On Feb. 9, he was back at Daytona. This time he went 205.114 mph, to earn the pole for the 27th 500; it was the fastest lap in the history of stock-car racing. Five days later Elliott won his 125-mile qualifying race by two miles—a gap about as wide as the Atlantic in the fender-to-fender arena of NASCAR racing. "We tried to do all our homework, and I guess it showed," was all he said.
On Sunday, Elliott did what the other drivers had by now resigned themselves to as racing fate: He turned the Daytona 500 into his own Thunderbird cakewalk. And he did it ever so stylishly. Yarborough, also driving a T-Bird as he went for his third straight Daytona win, chased or paced Elliott for 62 laps, and Neil Bonnett, driving a Chevy, gave him a gutsy run until the final half-dozen laps. But there wasn't a car on the track that could match Elliott's 'Bird through the corners. Said Bonnett, "We could all run down the straightaways real fast, but the rest of us had to back off for the turns. Elliott just held his foot down and kept going."
"Here's like anyplace else," said the winner. "You got to have a car that can handle."
That bit of understatement may soon become classic. Elliott, a lanky, red-haired Georgia boy from near little ol' Dawsonville (pop. 342) who's known as Huckleberry around the NASCAR circuit for his Finn-like ways, hit the Big D in a way the place has rarely seen. Maybe never. Only Fireball Roberts (1962) and Yarborough (1984) have ever so completely ruled Speed Weeks by qualifying fastest and then winning both a 125-miler and the 500. Only Buddy Baker has ever won the 500 faster—a 177.602 average speed in 1980, while Elliott averaged 172.265. But it wasn't just the doing of one red-haired Elliott; three of them took on the combined might of NASCAR, and a silver-haired Elliott was on hand for good measure. Said Ricky Rudd, who finished fifth in another Thunderbird, "If those boys had a Rambler, they could probably make it run like that."
Those boys are George, 60, and his trio of redheaded sons—Ernie, 37; Dan, 34; and Bill, 29. Move over, Pettys, your days of familial dominance are over. Watch out, Wood Brothers, you may be done for, too. The Elliotts have moved in. What's more, they're a welcome addition to the community—Bill was voted NASCAR's most popular driver after winning three races and finishing 23 races in the top 10 last year.
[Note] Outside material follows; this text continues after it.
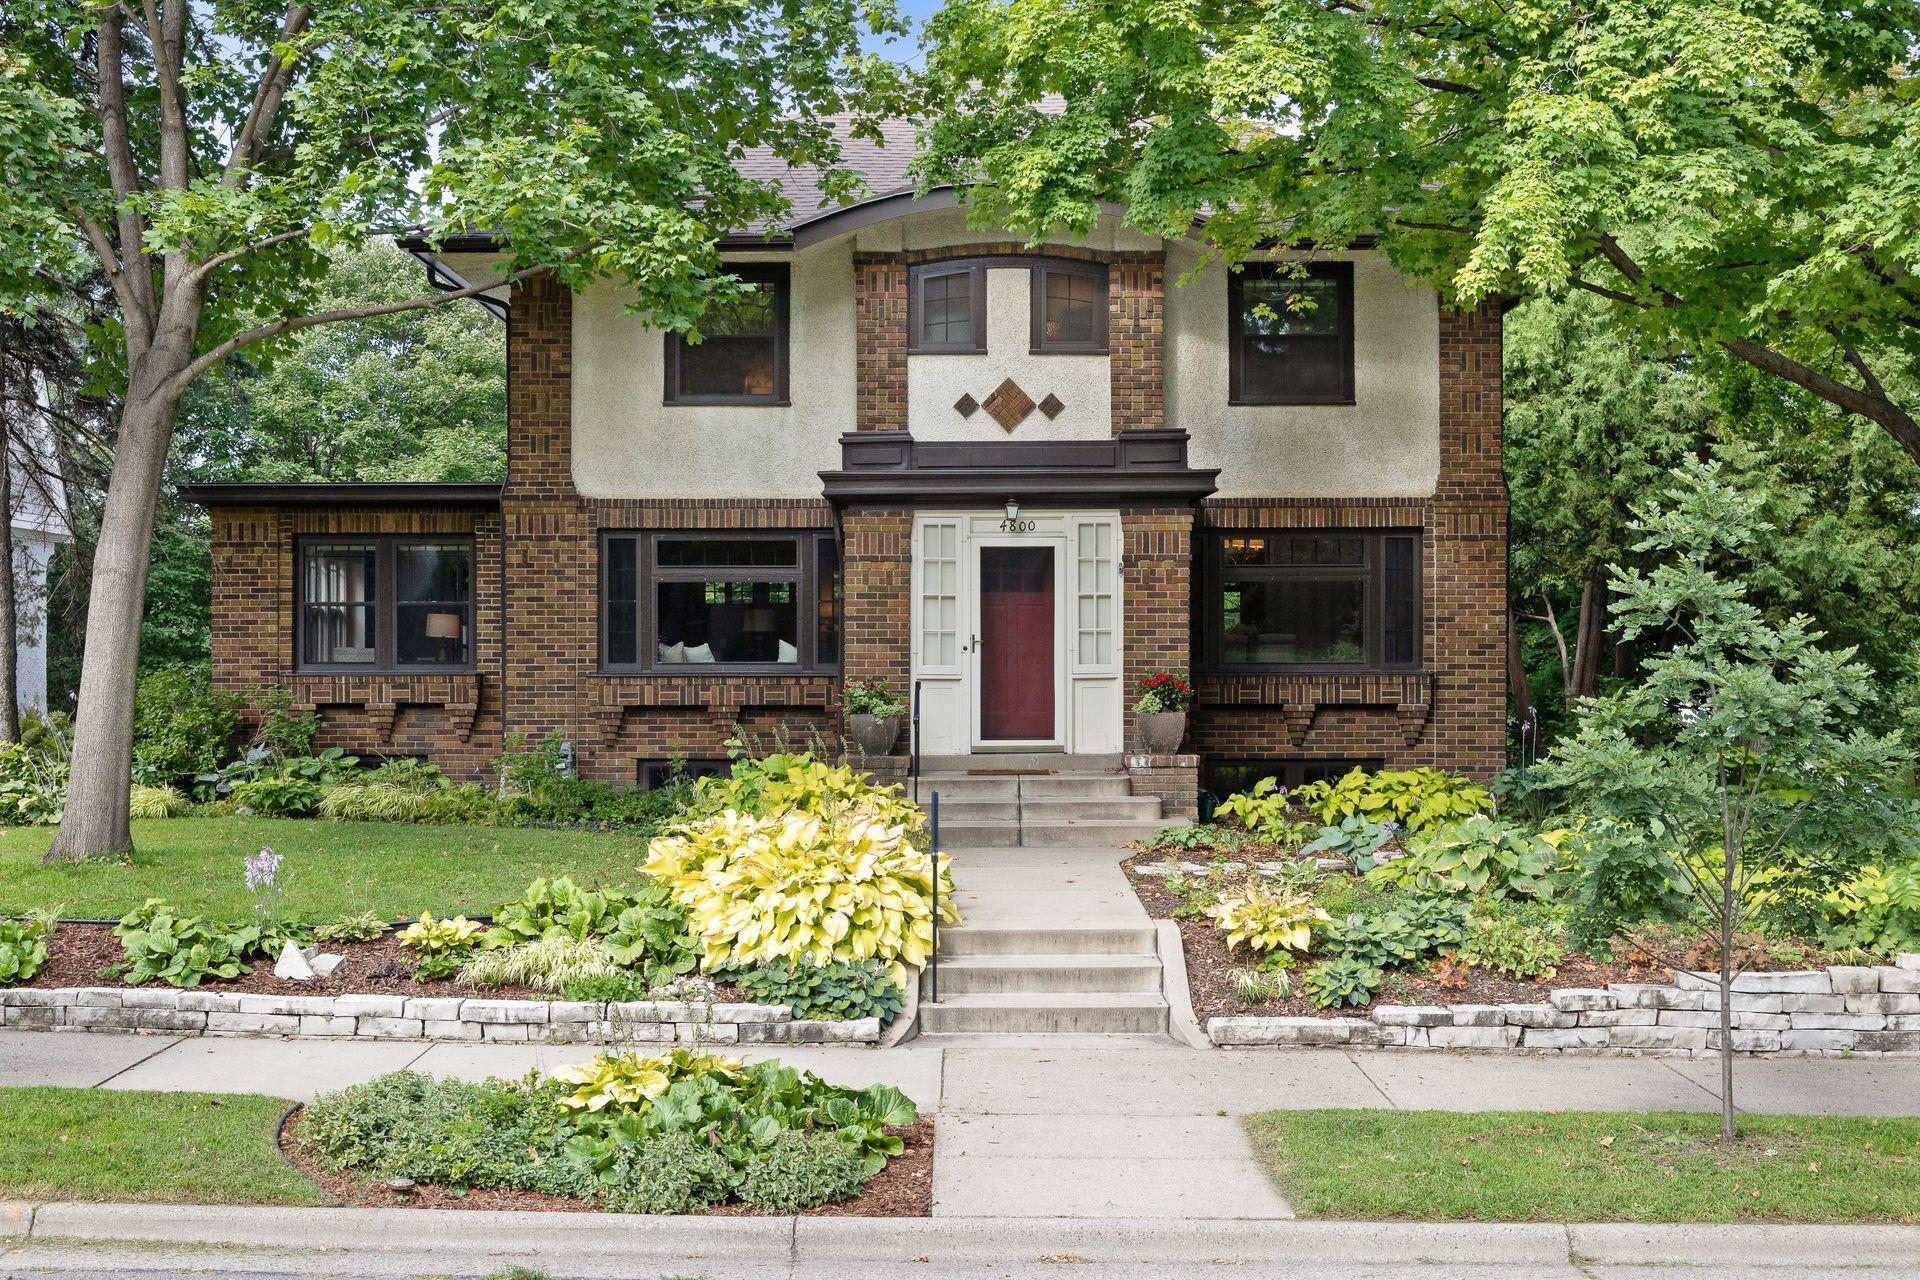 4800 Colfax Avenue S Property Photo - Minneapolis, MN real estate listing

There has already been a Bill Elliott Day back in Dawsonville.
Sunday's win was a victory for every nose that has ever rubbed a grindstone. And for small towns, for backyards and close-knit families—not to mention Fords. The team began building its super 'Bird as soon as the '84 season ended back in November. They worked 16-hour days, seven days a week—including Christmas—in the off months. When they fired up their creation on Jan. 2, they had a head start that ultimately led to the checkered flag in NASCAR's richest race—a $185,500 first-place payoff out of a NASCAR-record $1.28 million total purse.
Bill began racing in 1974 at Dixie Speedway in Woodstock, Ga., and Ernie knew right away he wouldn't have to look any further than his kid brother for a driver, or for someone who would willingly work in the family speed shop—a converted schoolhouse—till midnight every night. Ernie now builds the engines, with brother Dan assisting him, while Bill describes himself as "general worker." But Bill sets up his own chassis. Those long legs seen sticking out from under car No. 9 in Daytona's garage area were Bill's. There's a moral to that part of the story: Drivers who do their own chassis have an edge on the ones with the clean fingernails.
"We think we have an advantage because we're not in the Charlotte huddle," says patriarch George, a Ford dealer, referring to the infestation of big-name stock car teams in the Charlotte, N.C. area. "That close to the others, you start worrying about what they're doing. I've been in this business since 1947, and the most trouble I've been in is when I've been worrying about what the other guys are doing."
Though the Elliotts have been racing Fords—and nothing but—for 11 years, they haven't been getting much technical and financial support from the factory. Most of that has gone to the Charlotte-based team of Yarborough and Waddell Wilson, crew chief and engine builder for five of the last six Daytona pole winners. So the Elliotts have had little choice but to go about their own business; Ernie develops the engines on the dyno and, with no wind tunnel, they guesstimate what the aerodynamics should be. Wouldn't you know, at Daytona the Wilson/Yarborough factory Ford had engine problems all through practice, and as Bill sailed around trouble-free, the Elliotts' lips were sealed. They had a better idea, and it will stay theirs alone for the time being.